Traditionally, to successfully restrict pathogen infection, farmers apply basic practices of good management and use chemotherapy (antibiotics) (Subasinghe and Barg, 1998). Shrimp cannot be vaccinated, thus, antibiotics are currently used; however, these chemicals have been gradually prohibited due to the potential development of antibiotic-resistant bacteria, presence of antibiotic residues in seafood, environmental impact, and suppression of the aquatic animals' immune system (Li et al., 2007, Zhou et al., 2007). An alternative to the use of antibiotics as growth promoters is to feed natural origin additives such as probiotics, prebiotics, immunostimulants, and medicinal plants (Partida-Arangure, unpublished data).

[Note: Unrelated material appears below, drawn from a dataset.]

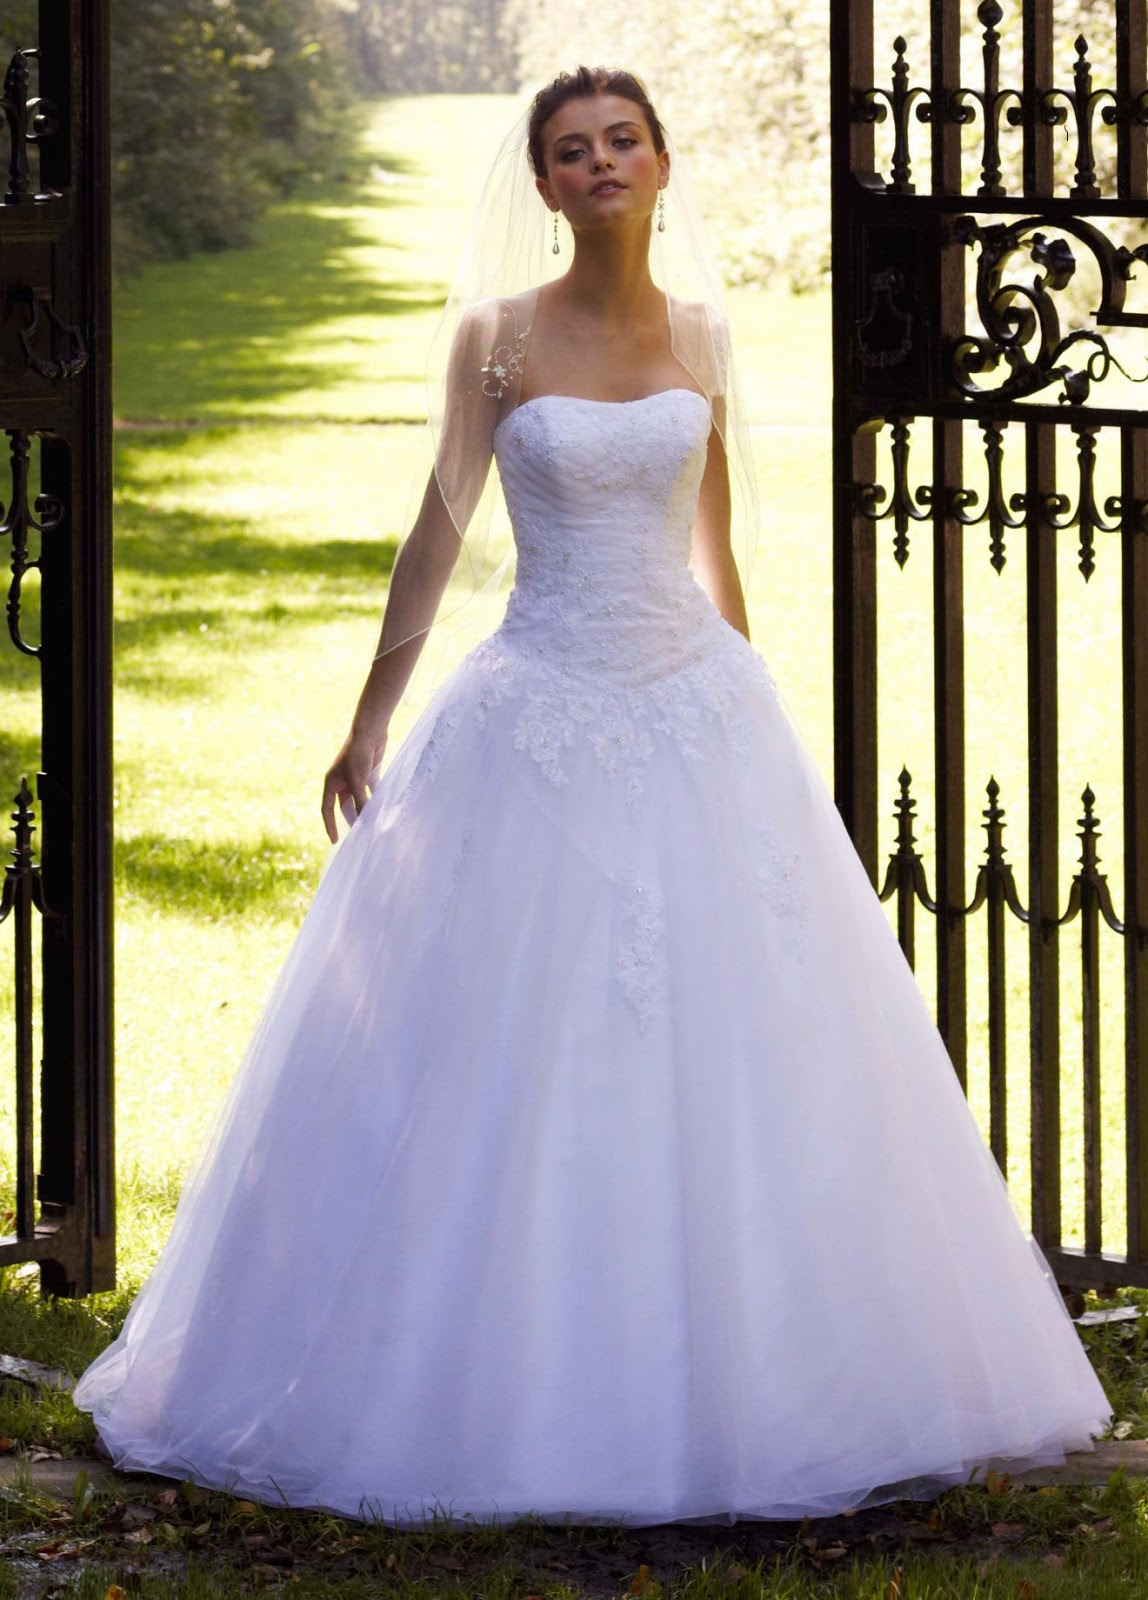 david david s bridal wedding gowns mRPVmXSda e*x ARrQsHHpD*7cgXzpVNc 7CUtBJsYGVOg davids bridal wedding dresses Wedding Dresses And Trends David s Bridal Collection

Immunostimulants are aimed at enhancing the non-specific defense mechanisms in animals. A number of different biological and synthetic compounds have been found to enhance the non-specific defense system in animals, including shrimp (Song and Sung, 1990, Sung et al., 1991).

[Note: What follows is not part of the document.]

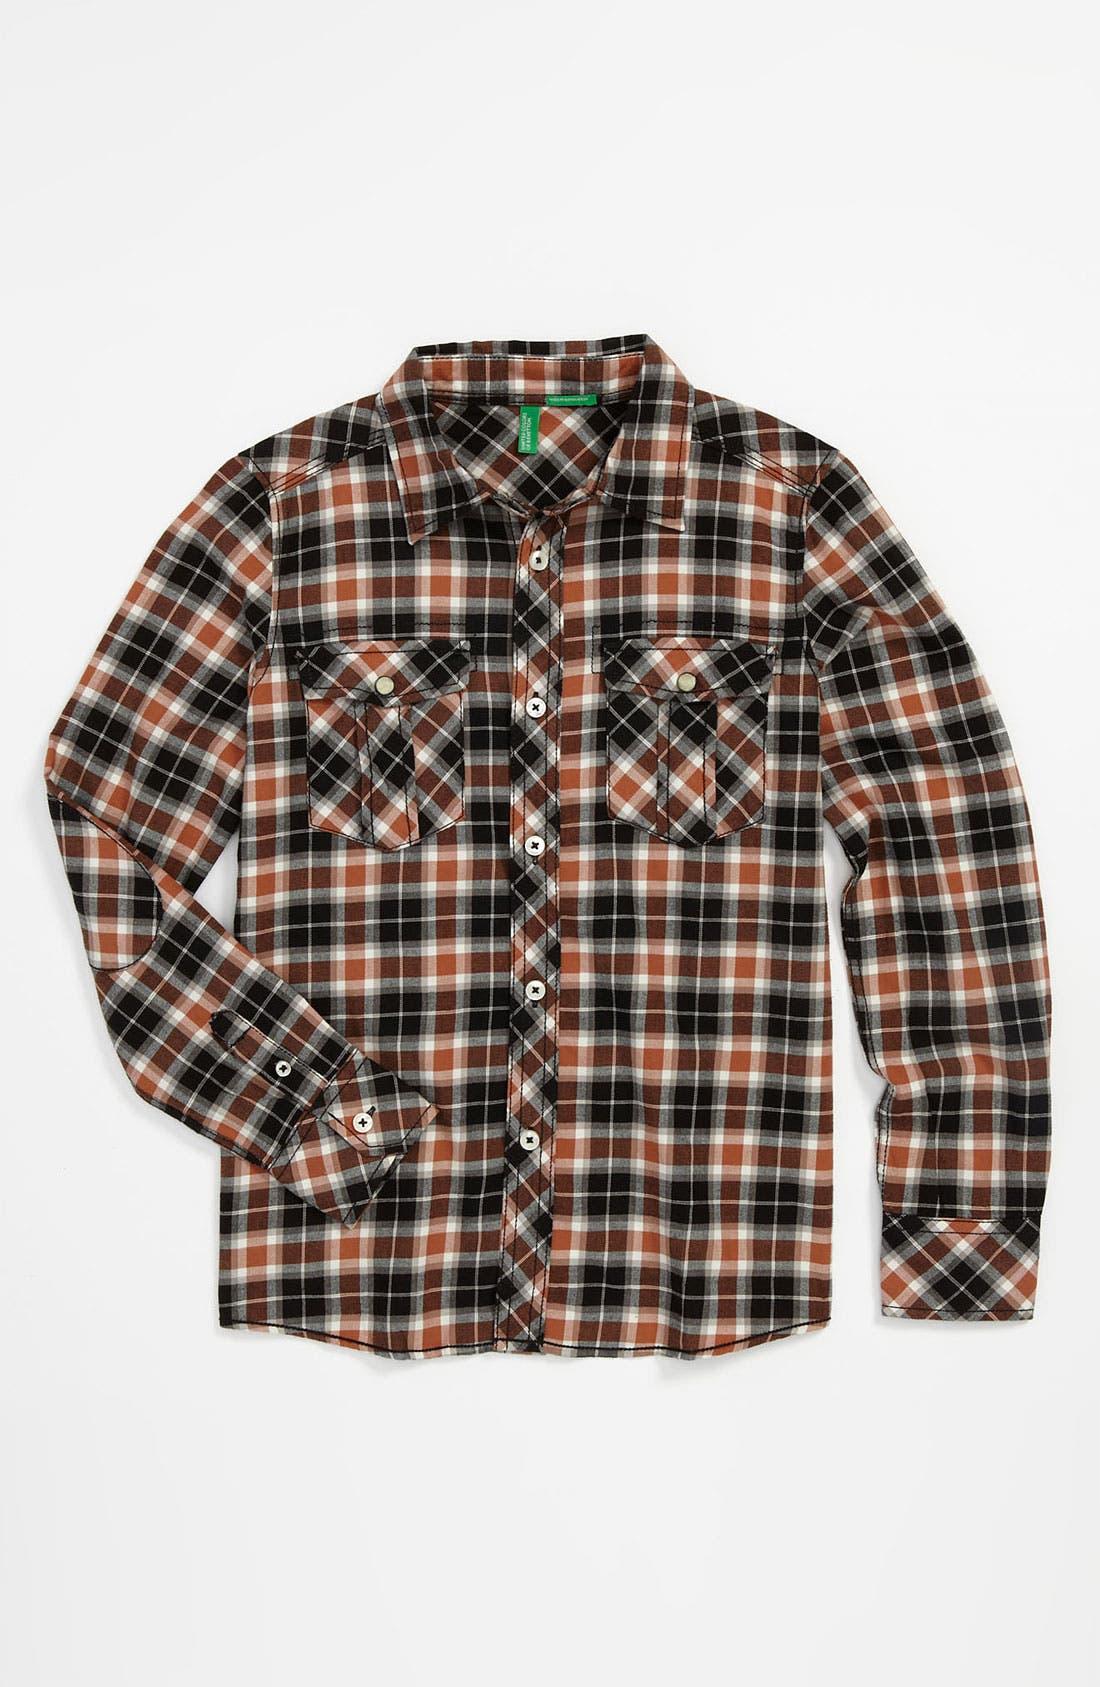 Alternate Image 1 Selected - United Colors of Benetton Kids Plaid Woven Shirt (Little Boys & Big Boys)

Prebiotics are non digestible polysaccharides added to feed that beneficially affect the host by selectively stimulating the growth of and/or activating the metabolism of one or a limited number of health-promoting bacteria in the intestinal tract, thus improving the host's intestinal balance (Gibson and Roberfroid, 1995, Manning and Gibson, 2004). The prebiotics include fructooligosaccharides (FOS), transgalactooligosaccharides (TOS), mannanoligosaccharides (MOS), lactose, and inulin (Teitelbaum and Walker, 2002, Vulevic et al., 2004). Inulin and its derivates (oligofructose, fructooligosaccharides) are generally known as fructans and are basically constituted by linear chains of fructose (Madrigal and Sangronis, 2007). Several inulin types occur in nature and they differ in their degree of polymerization and molecular weight, depending on the source, the harvest time, and processing conditions (Vijn and Smeekens, 1999). Diets supplemented with FOS have been shown to improve the immunity and growth rate of aquatic animals such as soft-shell turtle (Ji et al., 2004), turbot larvae (Mahious et al., 2006), and white shrimp (Li et al., 2007, Zhou et al., 2007).

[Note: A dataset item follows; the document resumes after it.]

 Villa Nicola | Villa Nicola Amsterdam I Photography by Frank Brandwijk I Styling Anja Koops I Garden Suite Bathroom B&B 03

Shrimp possess an innate immune system. The hemocytes and plasmatic molecules are key elements against pathogens. Hemocytes play a central role in the immune response of shrimp, which rely mainly on phagocytosis, melanization through the activation of the proPO cascade, encapsulation, cytotoxicity, and hemolymph clotting mechanism (Cerenius et al., 2008, Sritunyalucksana et al., 1999). Humoral defense factors, such as agglutinins, clotting proteins, lisosomal hydrolytic enzymes (proteases, glycosidases, lipases, phosphatases), and antimicrobial peptides (penaedins) are released upon lysis of hemocytes, which is induced by microbial surface antigens, such as peptidoglycans, lipopolysaccharides (LPS), and b-1,3-glucans (Chisholm and Smith, 1995, Destoumieux et al., 2000, Muta and Iwanaga, 1996, Söderhäll et al., 1994).
The aim of this study was to evaluate the effect of the prebiotic inulin on growth, survival, immune system, and prevalence of WSSV in Litopenaeus vannamei cultured under laboratory conditions.
Section snippets
Animals
Two batches of 150 and 120 apparently healthy shrimp, based on visible features, were collected from a commercial farm (Acuícola Cuate Machado, Guasave, Sinaloa, Mexico) and immediately transported to the lab facilities of CIIDIR Sinaloa in a plastic container (250 L) provided with sea water and aeration. The collected shrimp had no signs of WSSV, IHHNV, and/or bacterial infections. However, farmers specified that shrimp had WSSV.
Shrimp acclimation to culture conditions
The healthy shrimp selection was done based on visible features.
Effect of inulin on survival, WSSV prevalence, SGR, and LAB (bioassay 1)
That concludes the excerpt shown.